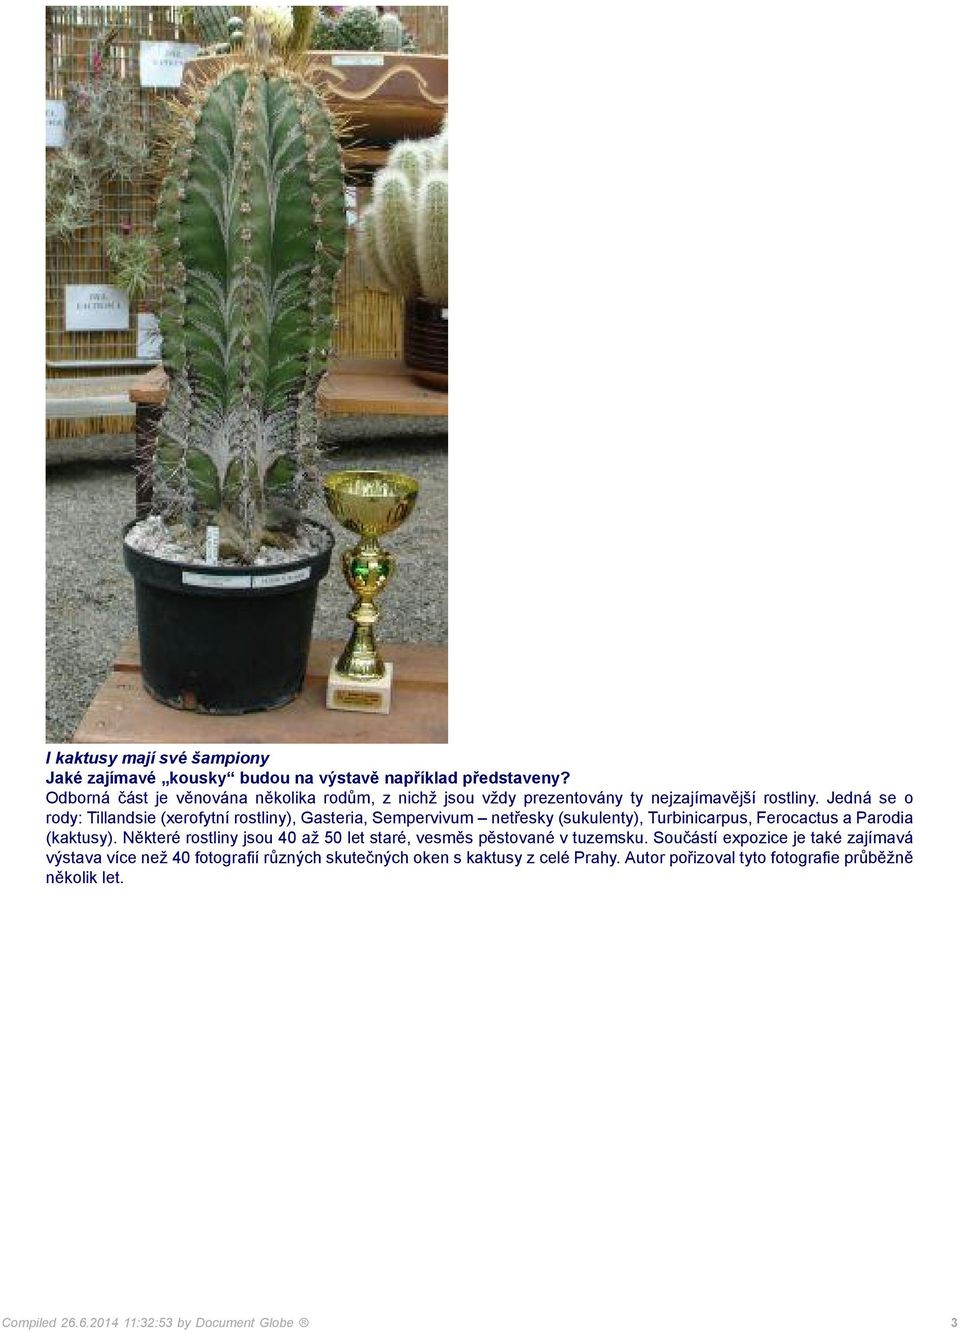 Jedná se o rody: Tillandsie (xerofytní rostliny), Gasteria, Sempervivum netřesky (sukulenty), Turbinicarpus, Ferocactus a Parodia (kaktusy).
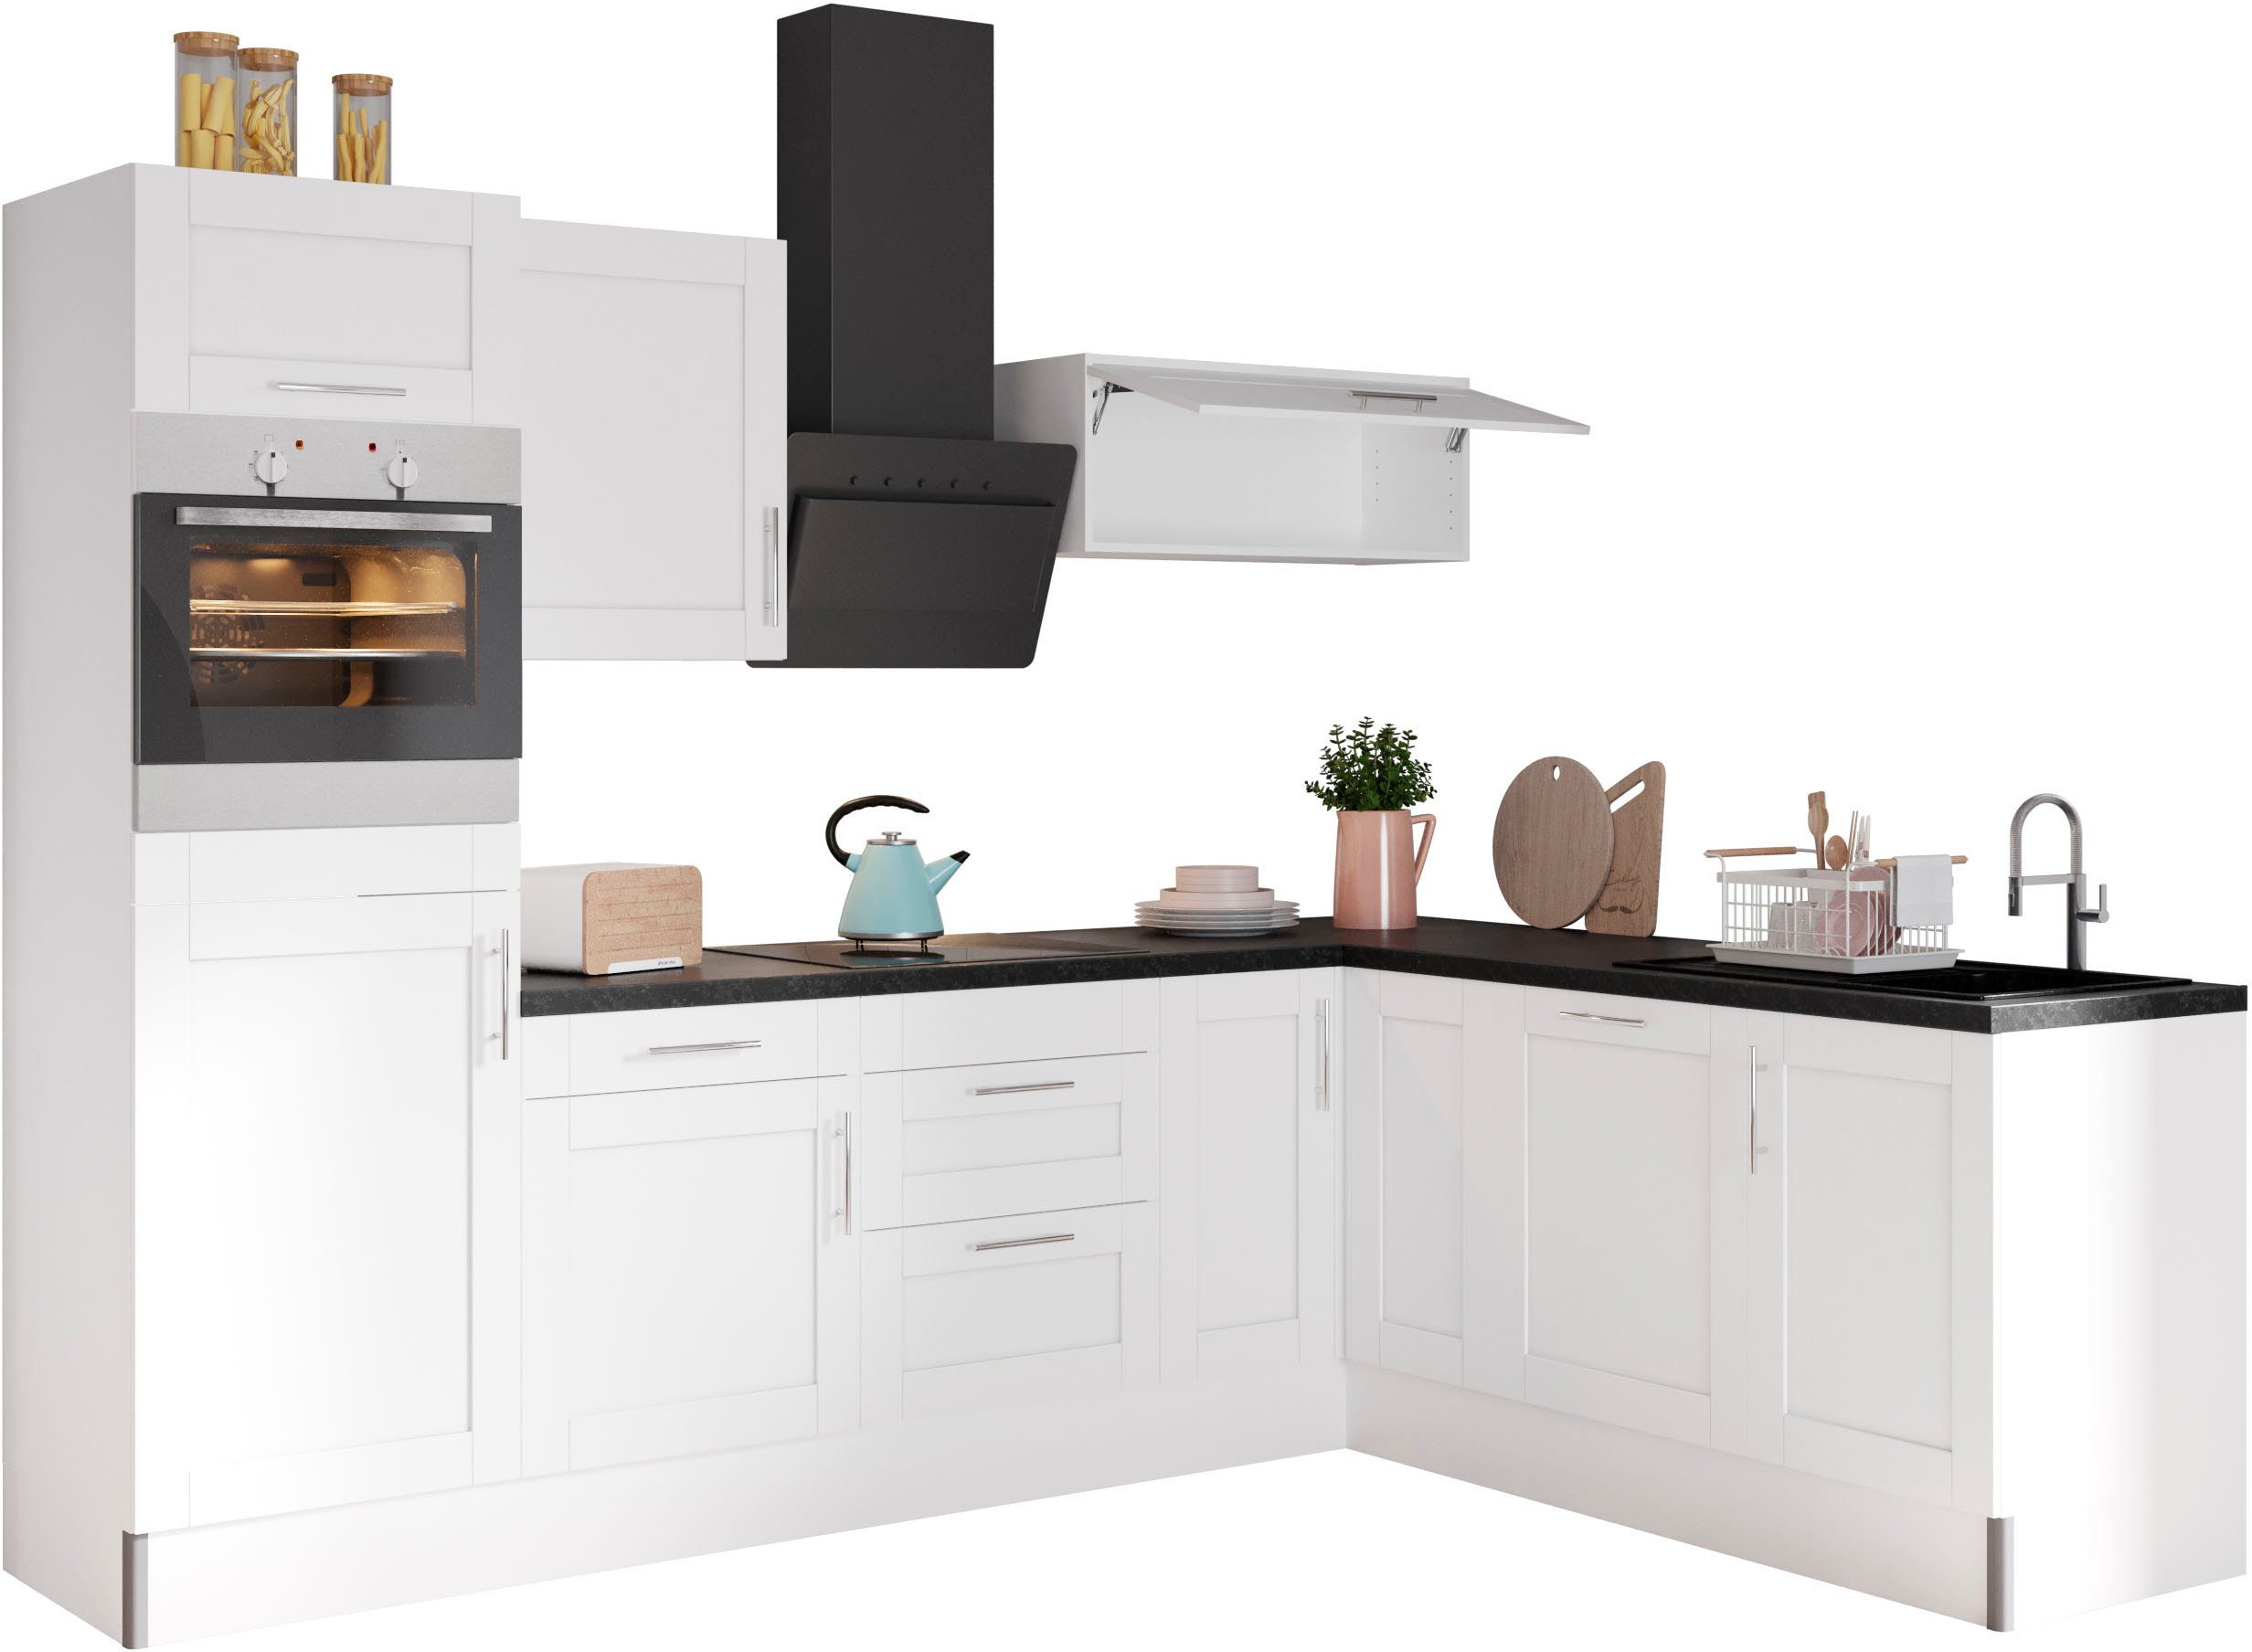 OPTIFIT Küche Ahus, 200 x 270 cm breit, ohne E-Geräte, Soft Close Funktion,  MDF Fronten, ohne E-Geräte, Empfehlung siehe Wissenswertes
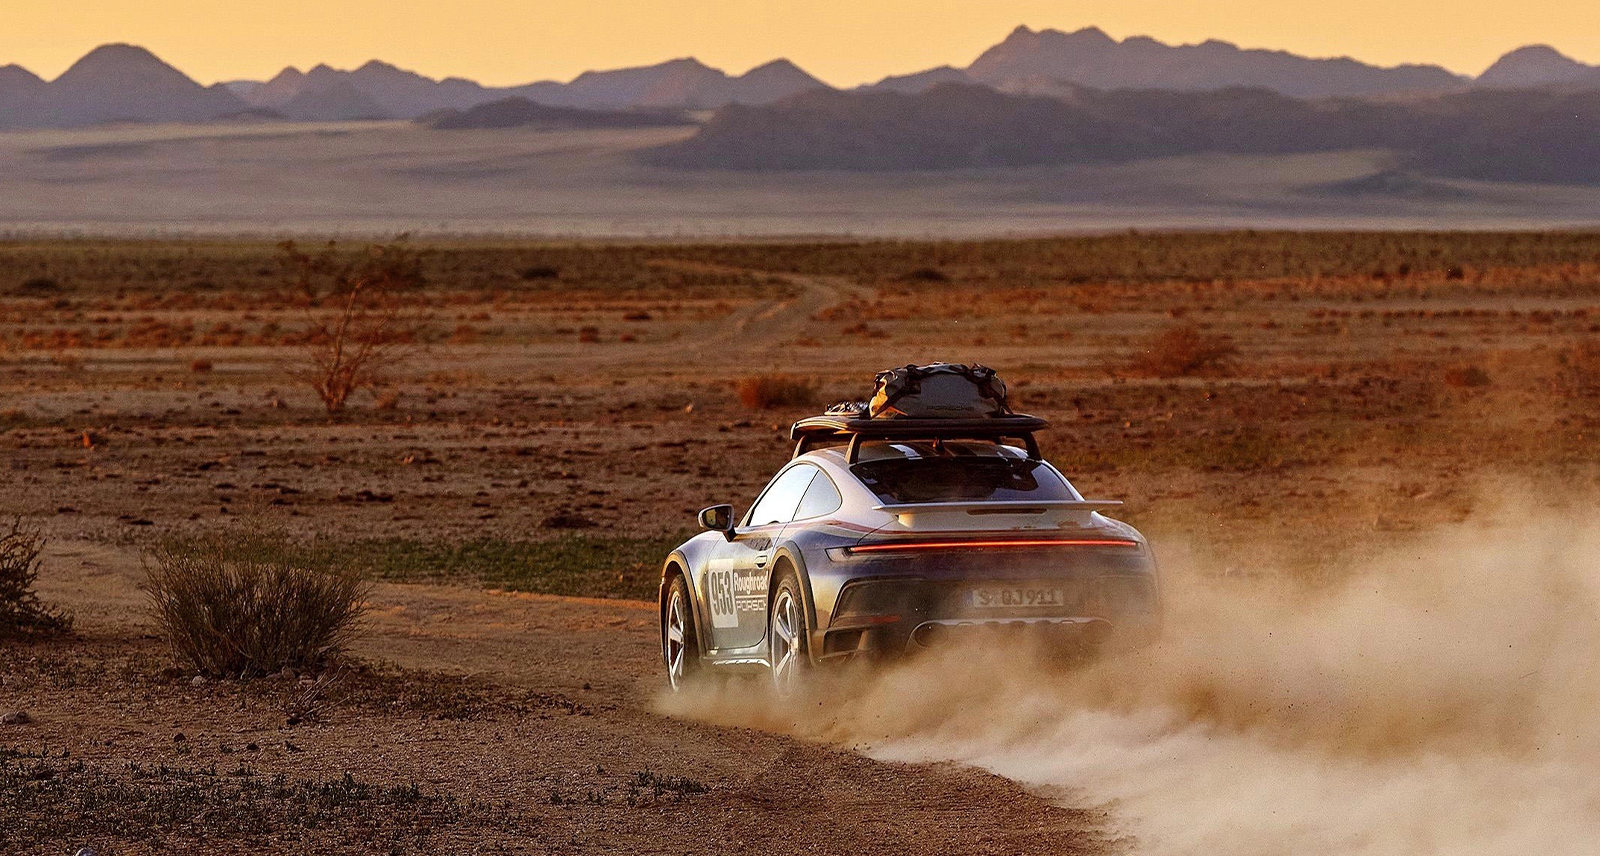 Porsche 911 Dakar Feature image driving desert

YOUR INSTRUCTIONS: The expected output is the lines from the line that contains "OPTIFIT Küche Ahus, 200" through the last line of the material, reproduced exactly, with both ends present and pictures absent.

RESULT FOR THIS EXERCISE:
 OPTIFIT Küche Ahus, 200 x 270 cm breit, ohne E-Geräte, Soft Close Funktion,  MDF Fronten, ohne E-Geräte, Empfehlung siehe Wissenswertes
 Porsche 911 Dakar Feature image driving desert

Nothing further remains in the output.